Search

Generating Power Through Python Generator Functions And Iterators

In my post on python iterators, I mentioned that one limitation of using python iterators in user defined objects is that they do not allow you to have more than one pass at the iterator when you have encountered the StopIteration exception. To conveniently overcome that limitation and give you programming power, the creators of python decided to design an object that is not only an iterable and iterator, but is also a function that yields values. That object is a python generator.

Python generators are like this steel frame
 

In this post, I will describe what a generator is and the advantages conferred on your programming when you use generators.

What are python generators?

Python generators are a special class of python functions that make the task of writing iterators very simple. While regular python functions will compute a value and return it, a python generator will return an iterator that returns a stream of values. To get up to speed with iterators, you can read up this post on python iterators. In regular functions you use a return statement to return a value, but in python generators you use a yield statement to indicate each element that is to be returned in a series.

The simple definition of a generator is any function that contains a yield keyword.

Let’s illustrate this with examples.

For example, take the function of computing the factors of a number.


def factors(n):
    ''' returns all the factors of n as a list '''
    results = []
    for k in range(1, n+1):
        if n % k == 0:
            results.append(k)
    return results

In the function, factors, given a number we divide it by every number between 1 and that number. Whenever any number divides it without a remainder, that number is a factor and we store that number in the results list. At the end of the iterative division, we return the results list containing all the factors of the given number.

I want you to notice the following deficiencies of regular functions like this. 1. We had to populate the results list with all the numbers, waiting until everything was complete and then store all the values in memory. That takes up time and memory space. 2. When the function returned its results, all the variables used in the namespace of the function were garbage collected or thrown away. We can not get them again unless we call the function another time. 3. We cannot pause and resume the function if we want to.

What if we had a function that has the ability to overcome the deficiencies above and has the ability to be iterable? That is where a python generator comes in. Now, let’s use a generator to compute the factors of a number this time around. Take note of where the yield keyword is placed in the generator function.


def factors(n):
    for k in range(1, n+1):
        if n % k == 0:
            yield k

Note that in the generator function, the return statement has been replaced by a yield statement.
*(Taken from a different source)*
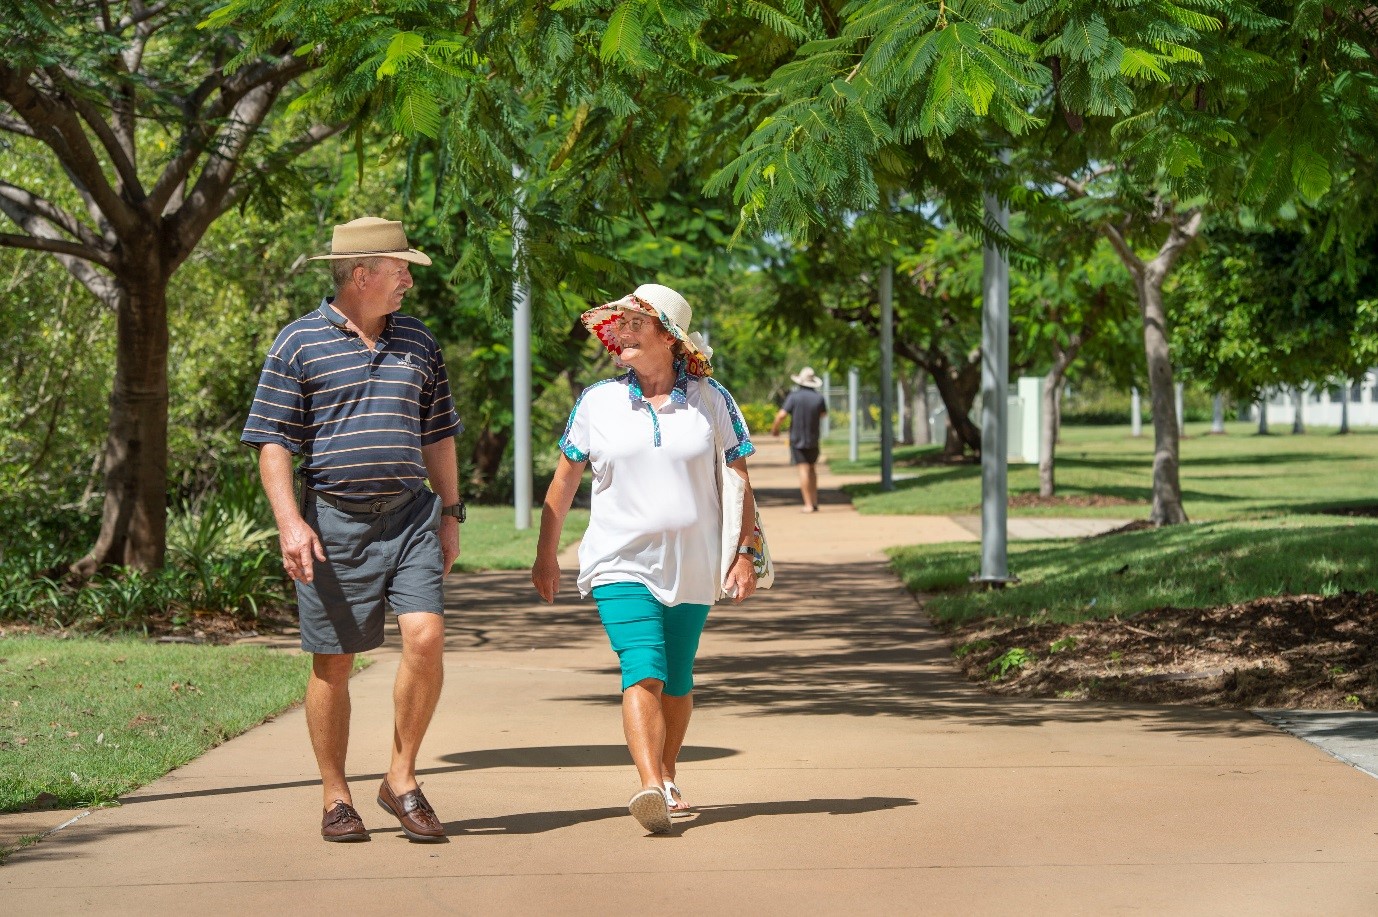 Image of 2 people walking in Townsville

Also, we do not need to populate the results with all the factors like we did with the regular function but since the generator function produces an iterator that iterates through the values, we yield each of the factors as needed to the iterator. What this means is that since a python generator function produces a generator iterator, we could use the generator function in a for loop.

Take the following code as an example.

Notice that the generator function produced a gen_iterator that was itself an iterable since it implements the __iter__() and also the __next__() method. The for loop was only automatically calling on those methods and yielding the results from the generator iterator which yields the results from the generator function.

A python generator function can contain more than one yield statement and it yields the values following each yield statement in turn. Taking a cue from our generator function, we can optimize it with more than one yield statement owing to the fact that the quotient of a division of a number by a factor is also a factor, and also by testing values up to the square root of the number.

Notice that while the first iteration yielded the factors in sequential order, this second implementation although it is more optimized, did not. It just goes to show that a generator function remembers where it was in the scheme of things when it yields a result and resumes operation from where it left off. This goes to show that the big difference between a yield and a return statement is that when the return statement is executed, all variables are discarded from the function, but when the yield statement is executed, the state of execution of the generator is suspended and all local variables in the namespace is preserved. It then resumes execution from where it stopped on another invocation of the generator when the caller calls the __next__() method of the generator iterator.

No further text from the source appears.